Friends who are therapists, in a professional capacity do mention different strategies for coping, for overcoming, for living well through all adversities.
A few things stand out and there will be a reoccuring theme.
Well actually one thing some folk keep saying is “Stay Positive” !!! I know I am not all singing, all dancing but seriously guys….. someone, anyone tell me…. does anyone have a friend who is more positive than me….. ? I think I get the trophy for that one!
I have been told to release stress and worries, anything in my heart, not to hold anything in. Once it is released, a part of it is dealt with. I am not sure if I actually don’t worry or bury my feelings or just not deal with them. Don’t borrow tomorrows sorrow and don’t cry over what is not in your control etc etc….. I believe someone called it “Throat therapy”!!!! Made me giggle but I am doing that through my blog.

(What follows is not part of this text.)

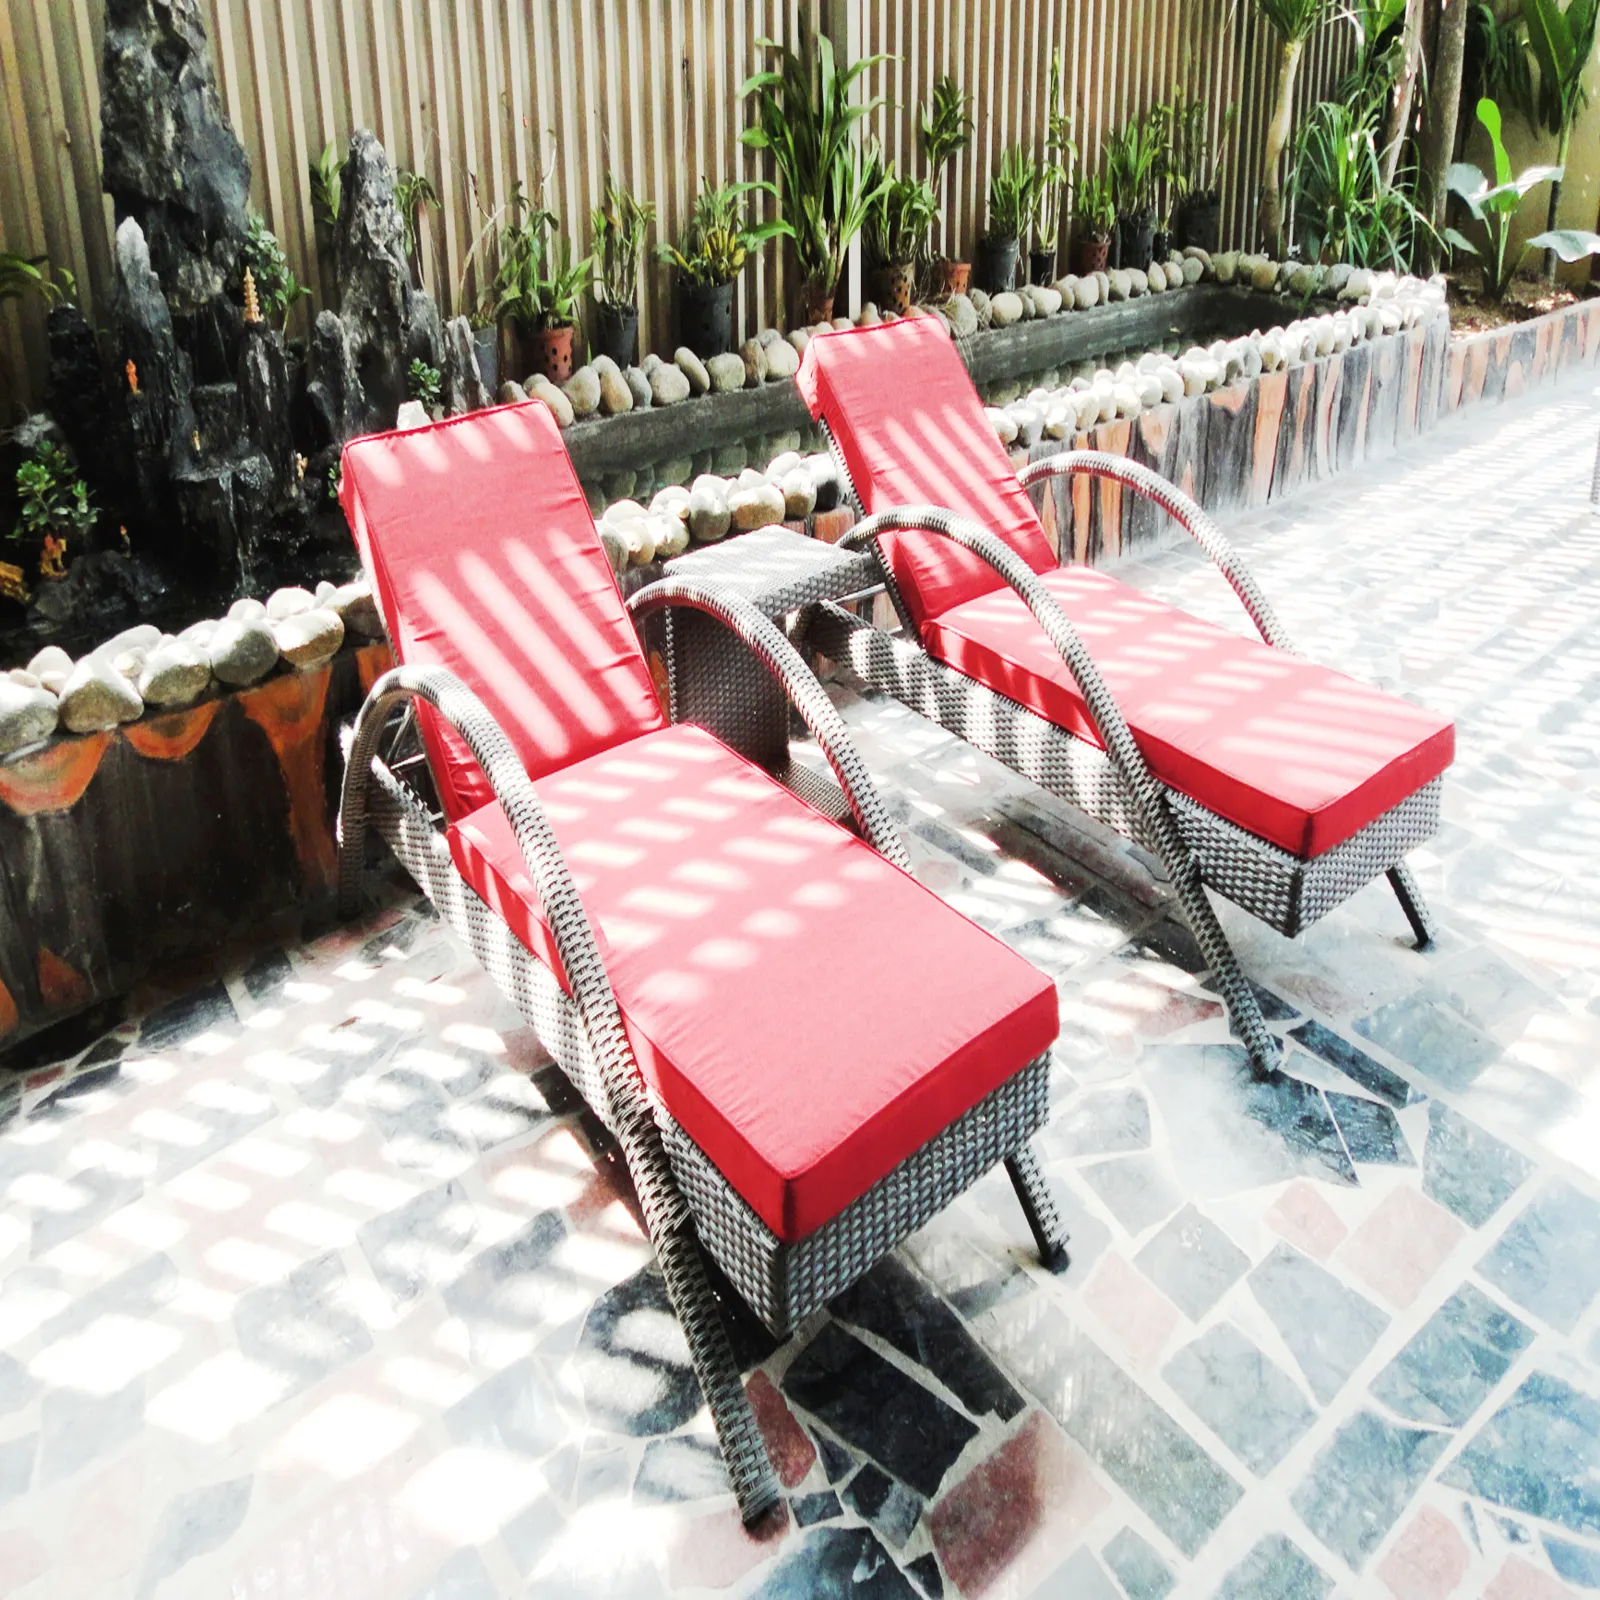 Ghế tắm nắng-người bạn đồng hành hoàn hảo cho kỳ nghỉ của bạn! Mang đến cho bạn một cảm giác nghỉ dưỡng đặc biệt trong sự thoải mái của khu vườn của riêng bạn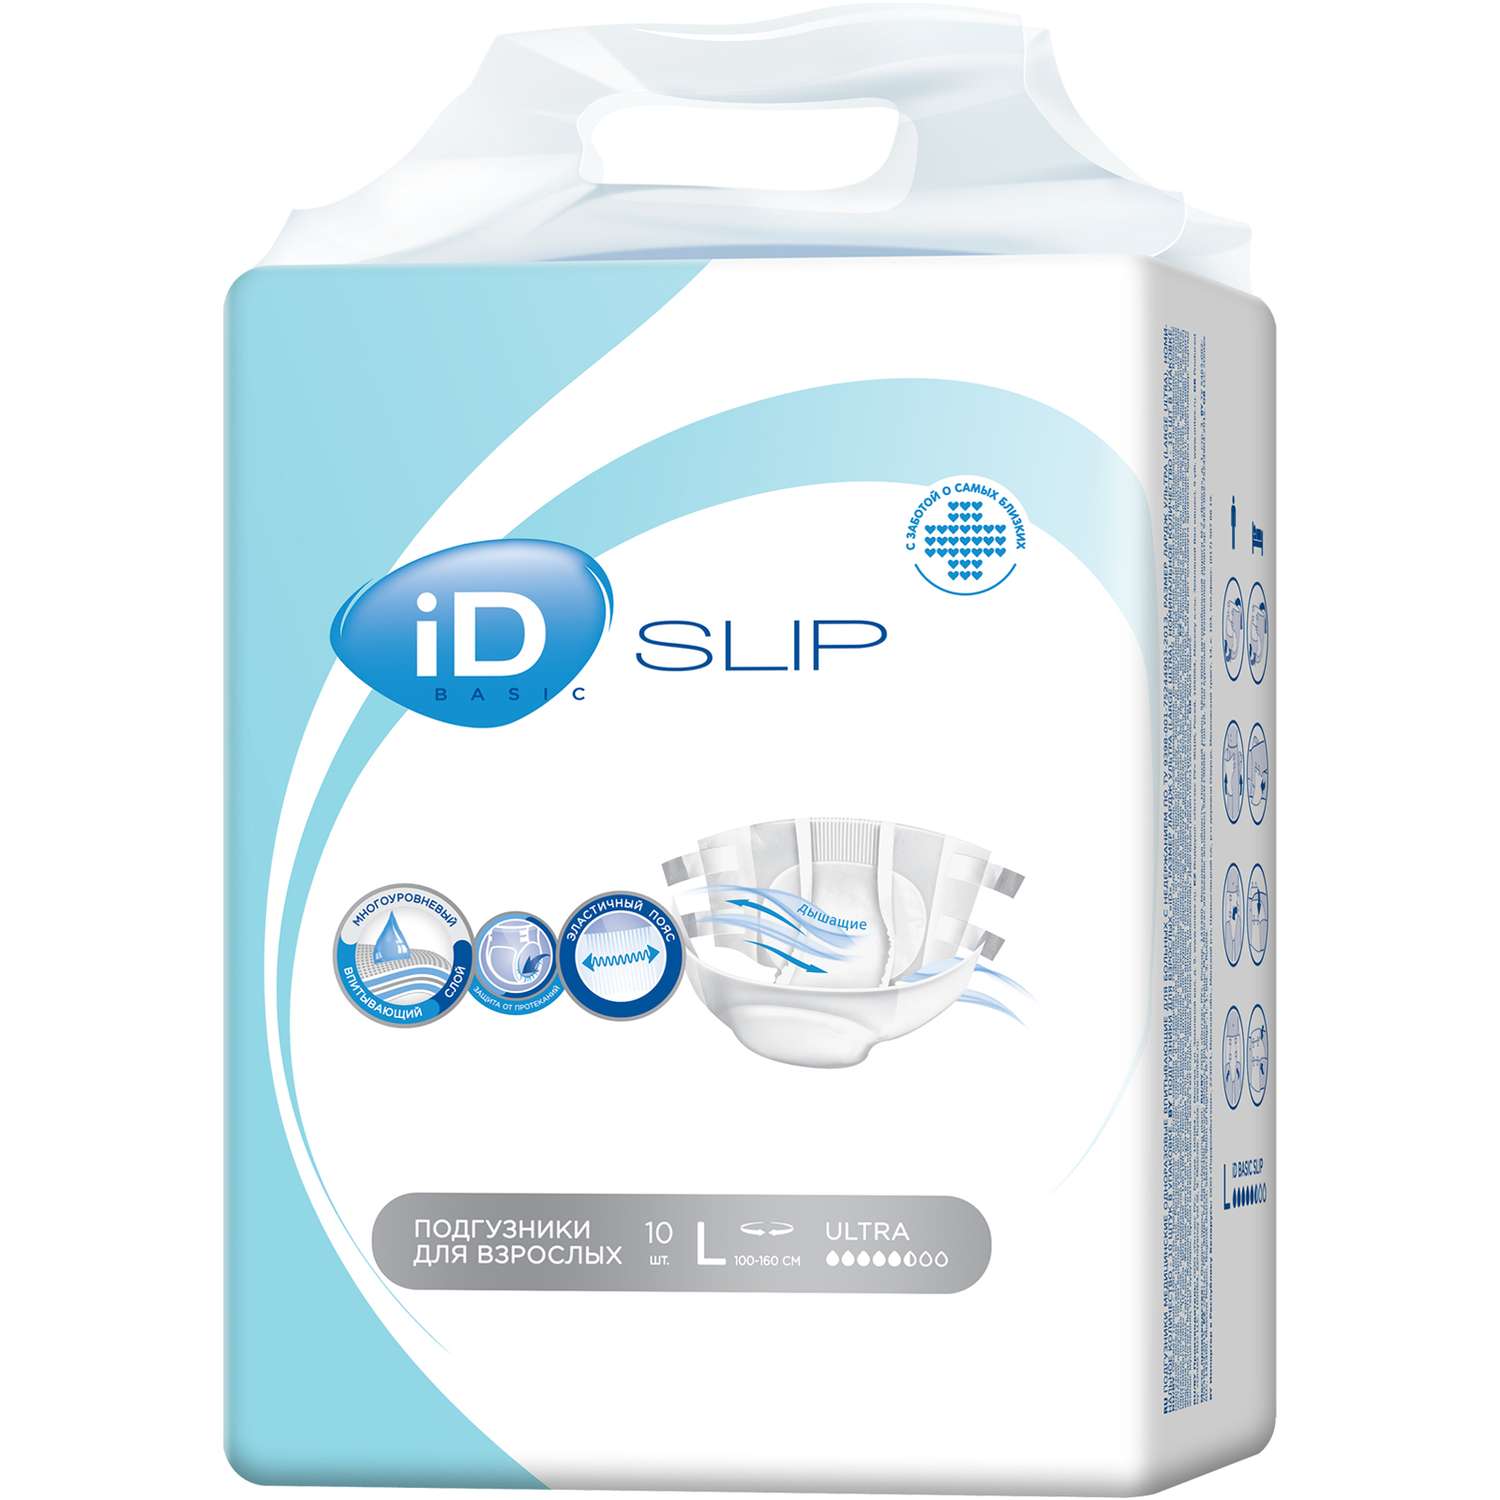 Подгузники для взрослых iD Slip basic L 10 шт - фото 2

So another coping method is looking forward. A few folk have told me to look forward. I categorically could not look forward at all. It is so hard to do when waiting, not knowing, hanging on for dear life!
The last few months especially have been tough. I have not allowed myself to look too far ahead or even one day behind. We are at the mercy of test results so there is a sense of just being in limbo. Waiting to be called, waiting for a date, waiting for next steps. Also not even being capable of looking past a day or two became the norm for me.
I have been told to look forward, visualise what is ahead, a milestone. I need to set my focus on reaching a goal. I guess it makes sense. It may sound weird to you guys…. most take it for granted…. I need to sit, concentrate and visualise on things in the future.
Even thinking of the concept can have a positive impact. Something has now clicked and I am able to see forward. Not too far but I am working on it. I was too scared to do this before. I have a few plans for August, reaching into September. This week, I was asked about Christmas plans….. errr no, not got that far yet!
I seem also to have a little head space so I can plan things, I can work on my little projects here and there! I have even bought myself some art materials so me and the boys can express ourselves over the summer or paint some random crappy shapes on canvases and call it abstract art !!!! You know the type you see in posh hotels or museums that cost hundreds and you are like….. really?!
So here we go…. most of you are planning or have planned next holidays, next birthdays, xmas, Oct half term…… I’m stuggling to reach Aug!!!!
One thing I did do last week was take 6 weeks off work!! I wouldn’t call it looking forward really! Just needed a break and needed to spend some quality time with the kids and rest! Need lots of rest right now inbetween all my numerous appointments.
I discussed this a lot with my fellow yogis in Slovenia, I guess I was afraid of making that decision and taking the plunge but I pushed on ahead and followed through!!
It is only after you make rash decisions, you wonder what you were scared of in the first place!
Anyway, for my friends across the globe!! This is why us Brits moan a lot about the weather……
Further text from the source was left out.